Discussion papers

CPM-02-92 - 2 September 2001

Policy Modelling with ABSS: The Case of Water Demand Management

Olivier Barthelemy, Scott Moss, Thomas Downing and Juliette Rouchier

Introduction

A promising area of application for agent based social simulation is social policy analysis. This promise stems from the ability of ABSS models to describe key processes and relationships in actual societies. However, existing descriptive studies with ABSS have been too abstract convincingly to inform policy analysis. This paper describes the transition from one such study towards a usefully detailed and realistic model currently being developed to inform water demand management in the south of England during a period of climate change.

The FIRMA project, in which this work is being undertaken, was proposed specifically to use agent based modelling techniques to enable stakeholders to become involved in the model specification and validation process. The value of the agents approach in this context is that the stakeholders can assess whether agent behaviour, interaction among the agents and resulting system level properties are descriptively accurate.
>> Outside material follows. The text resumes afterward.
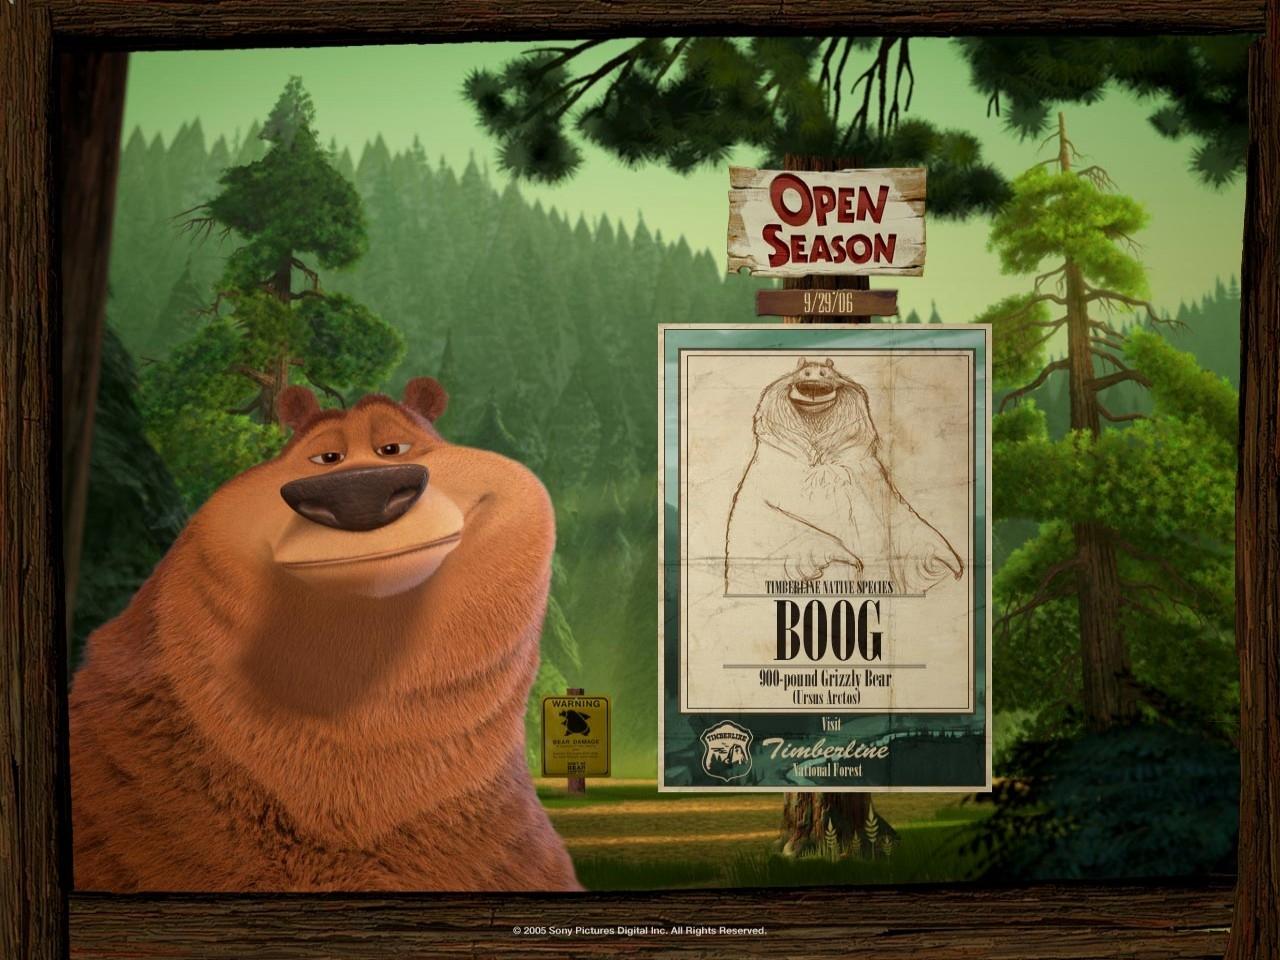 Wallpaper del film Boog e Elliot a caccia di amici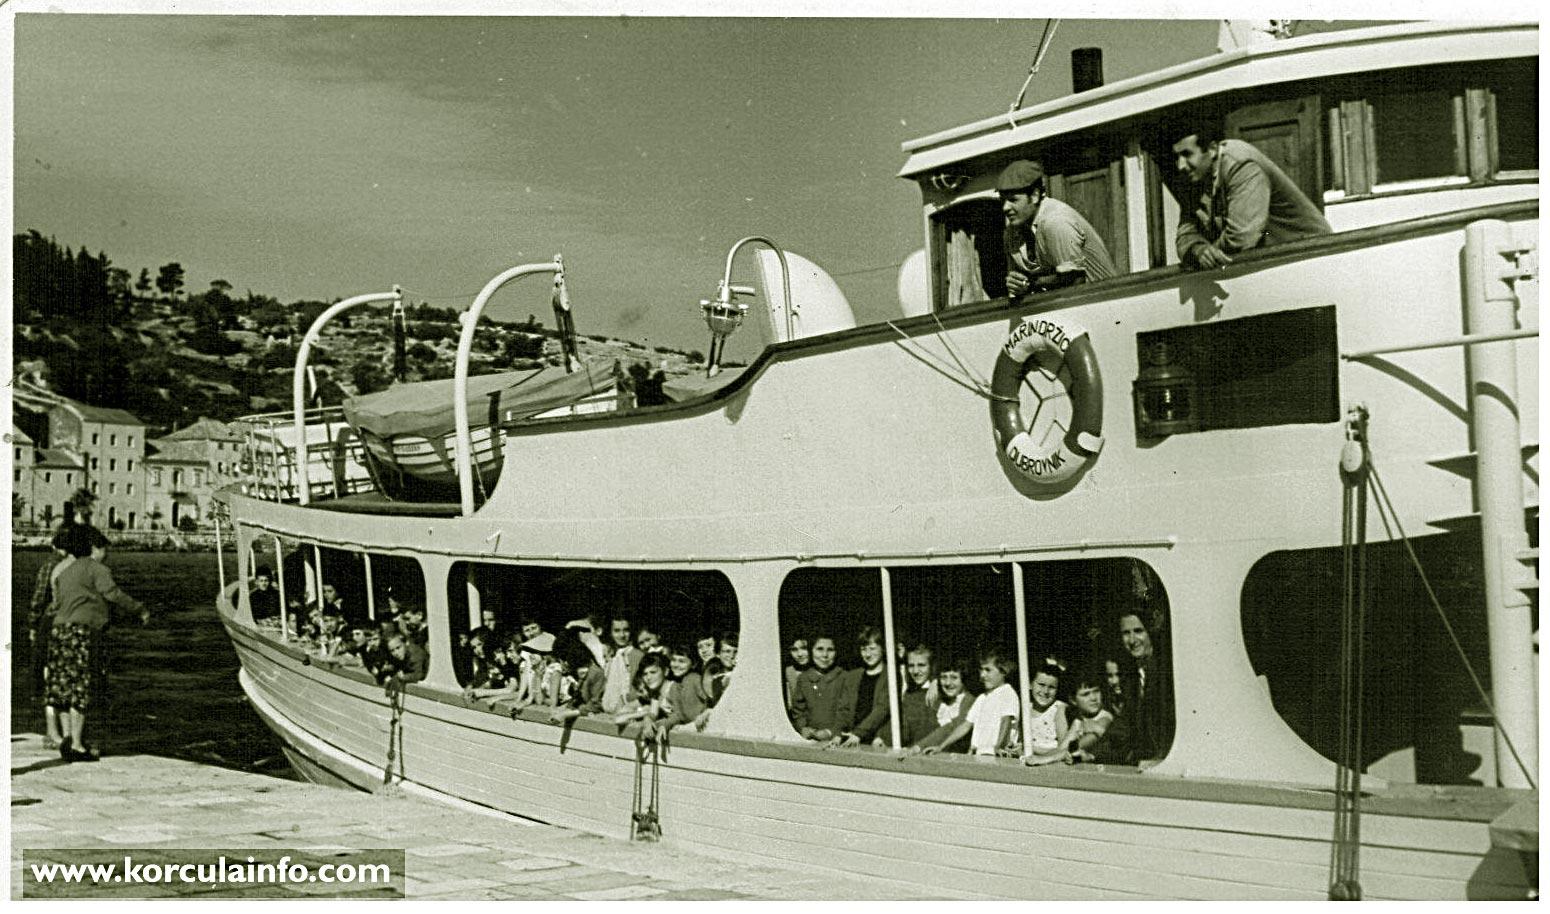 Jadrolinija's Ferry Marin Drzic @ Riva, Korcula in 1959

Capturing water demand management issues with agent-based models is itself a highly non-trivial task. In the first place, stakeholders including both regulatory agencies and water supply companies have identified weather, drought or its absence, demographic factors and technology as essential elements in any description of the determinants of water demand. The models to be used in policy analysis will have to capture all of these phenomena. In practice, this requires an single model relating consumption to rainfall, temperature and humidity (weather), hydrology relating the weather to the level of groundwater (drought) and the effects of those on both water demand and public authorities’ measures for managing that demand. So in a single model, we have to capture the weather system, the hydrological system, the behaviour of households and the behaviour of policy agencies and, moreover, to do so in a way that engages stakeholders in the model development and validation.